Other speakers with experience in hardware and commercial software noted that in their world the commercial vendors provided ample feedback to not make life too difficult, or that such complexity would at least come at huge monetary cost. Since in open source features are free, we do not “benefit” from that feedback.
There was enthusiasm for the idea of going through the “200 DNS RFCs” and deprecating stuff we no longer thought was a good idea. This enthusiasm was more in theory than in practice though as it is known to be soul crushing work.
The concept however of reducing at least the growth in DNS complexity was very well received. And in fact, in subsequent days, there was frequent discussion about the “DNS Camel”:
- This document does not propose any new extensions to the DNS protocol.
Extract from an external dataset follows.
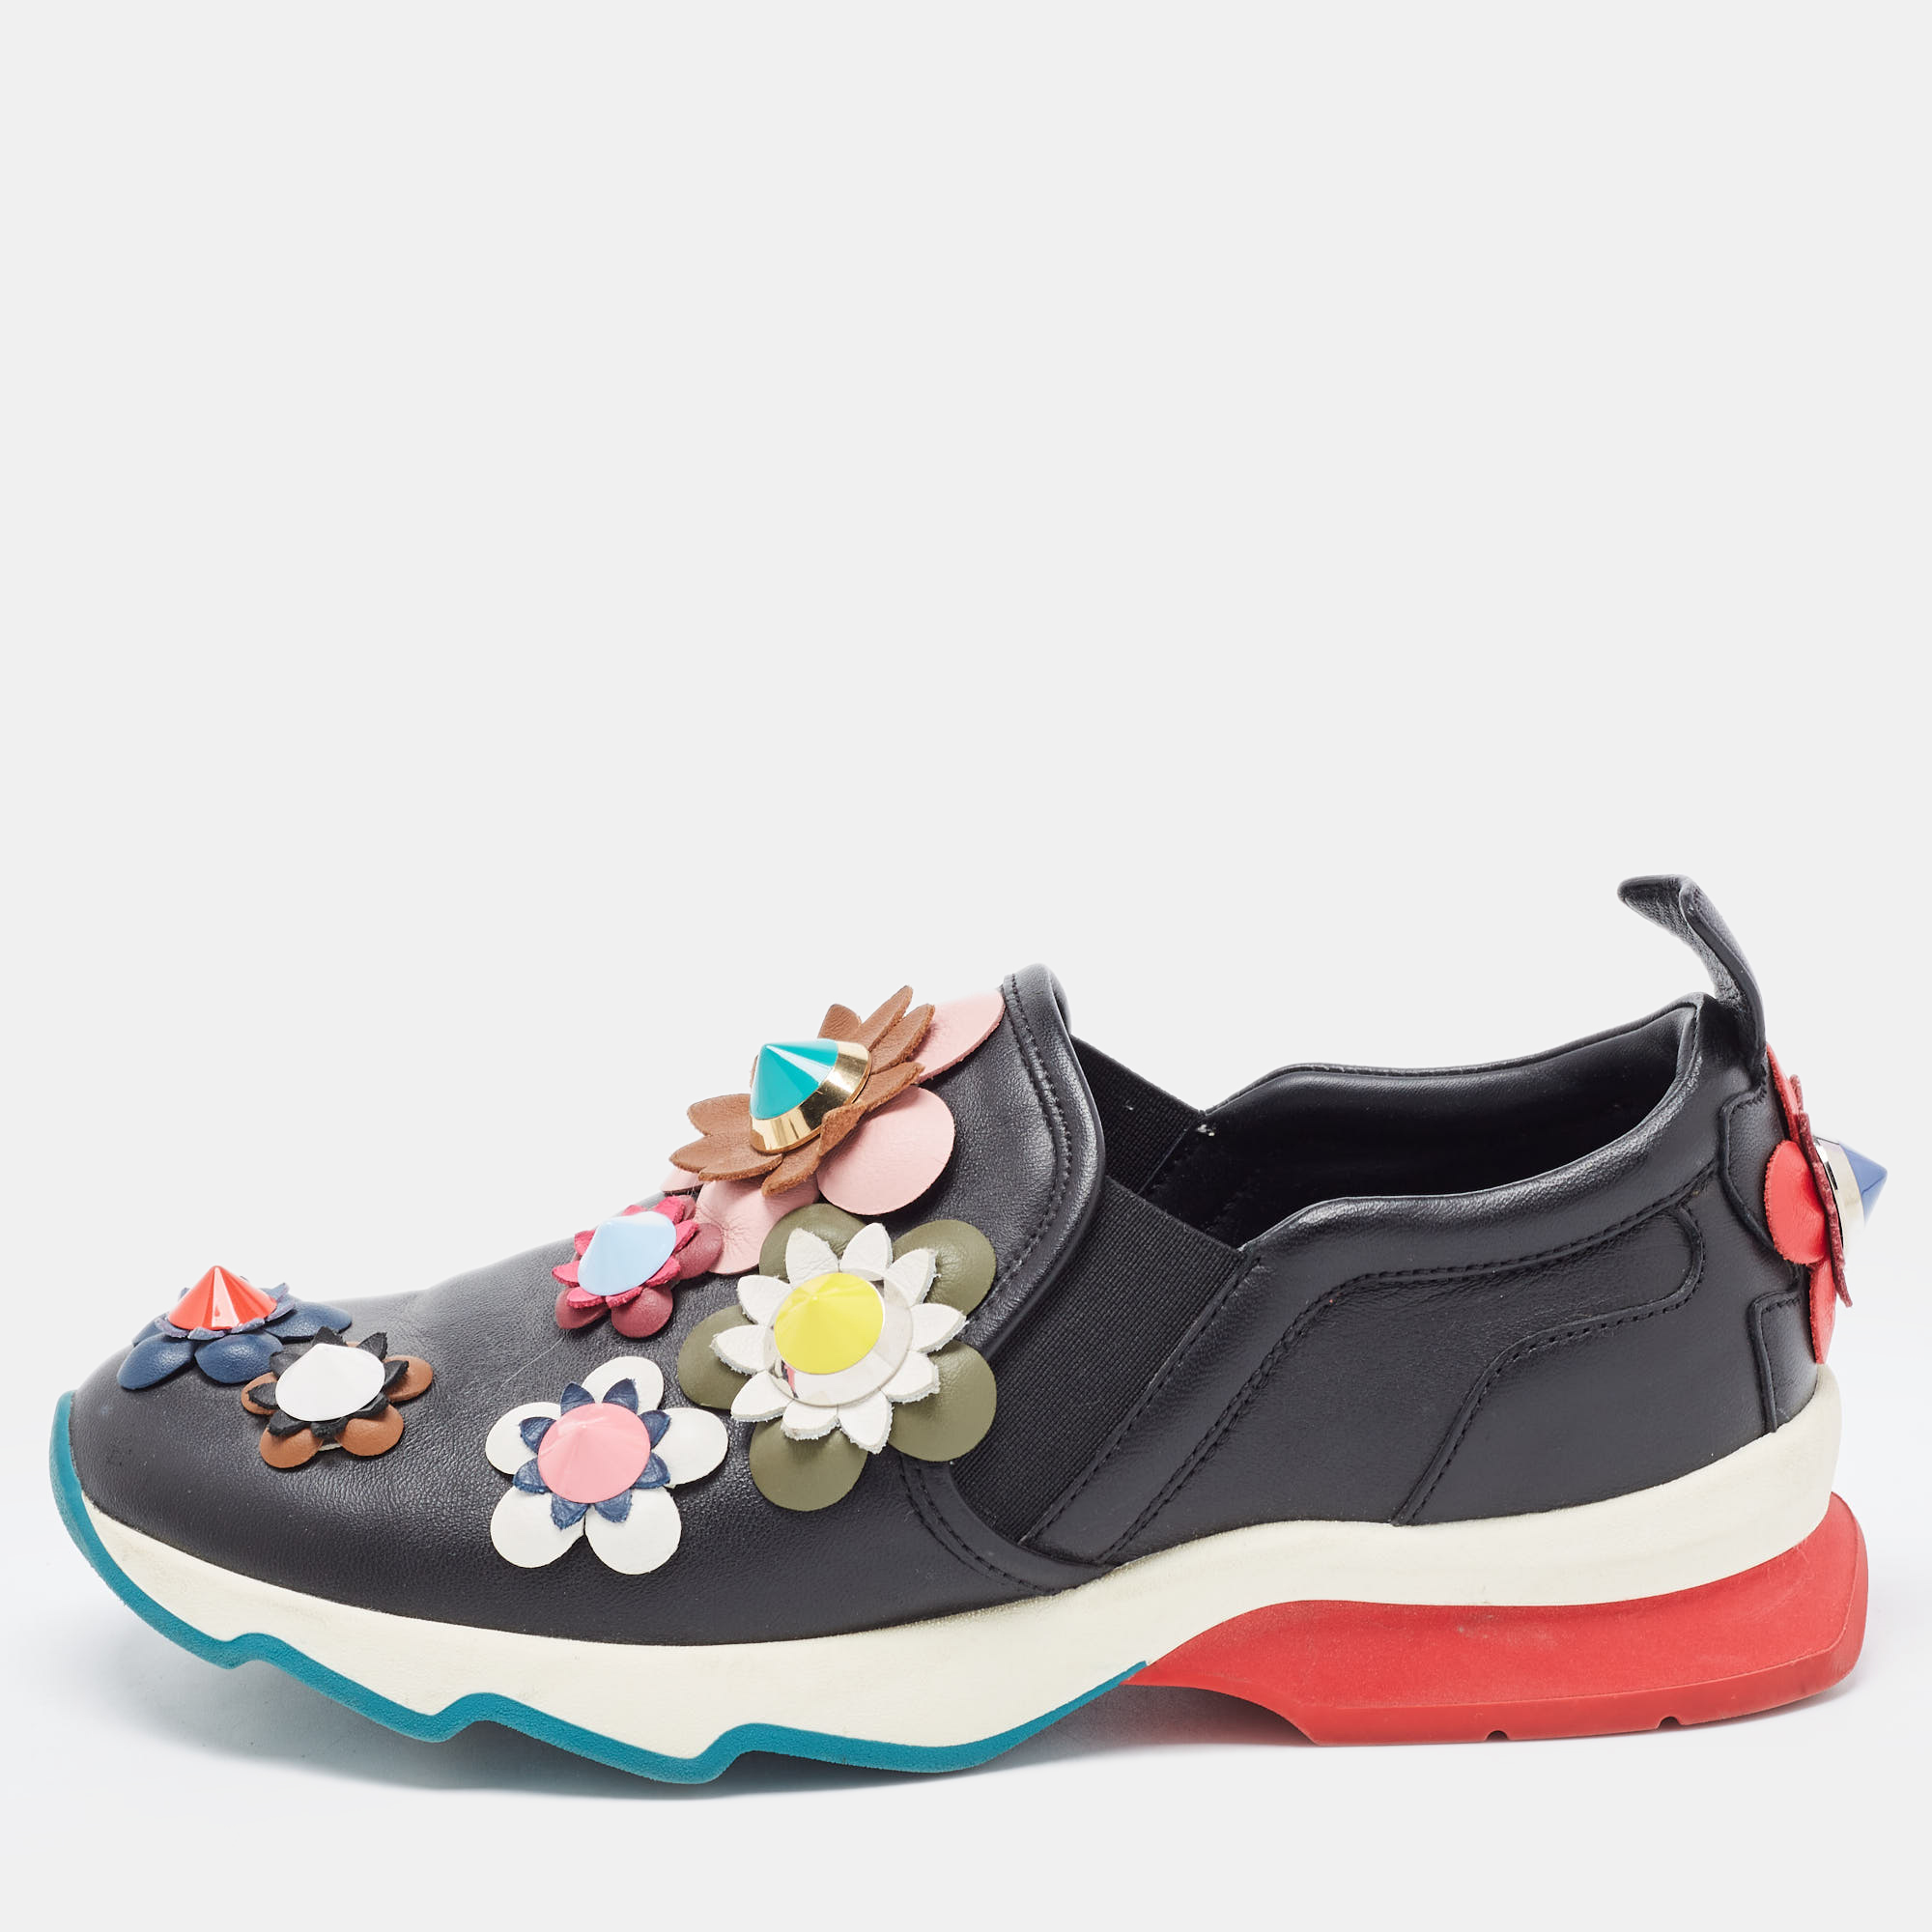 Fendi black leather flowerland embellished slip on sneakers size 35

- It merely outlines operational deployment models for DNSSEC with multiple providers
And in fact, a draft has even been written that simplifies DNS by specifying DNS implementations no longer need to probe for EDNS0 support. The name of the draft? draft-spacek-edns-camel-diet-00!
I’m somewhat frightened of the amount of attention my presentation got, but happy to conclude it apparently struck a nerve that needed to be struck.
Next steps
So what are the next steps? There is a lot to ponder.
I’ve been urged by several very persuasive people to not only rant about the problem but to also contribute to the solution, and I’ve decided these people are right. So please watch this space!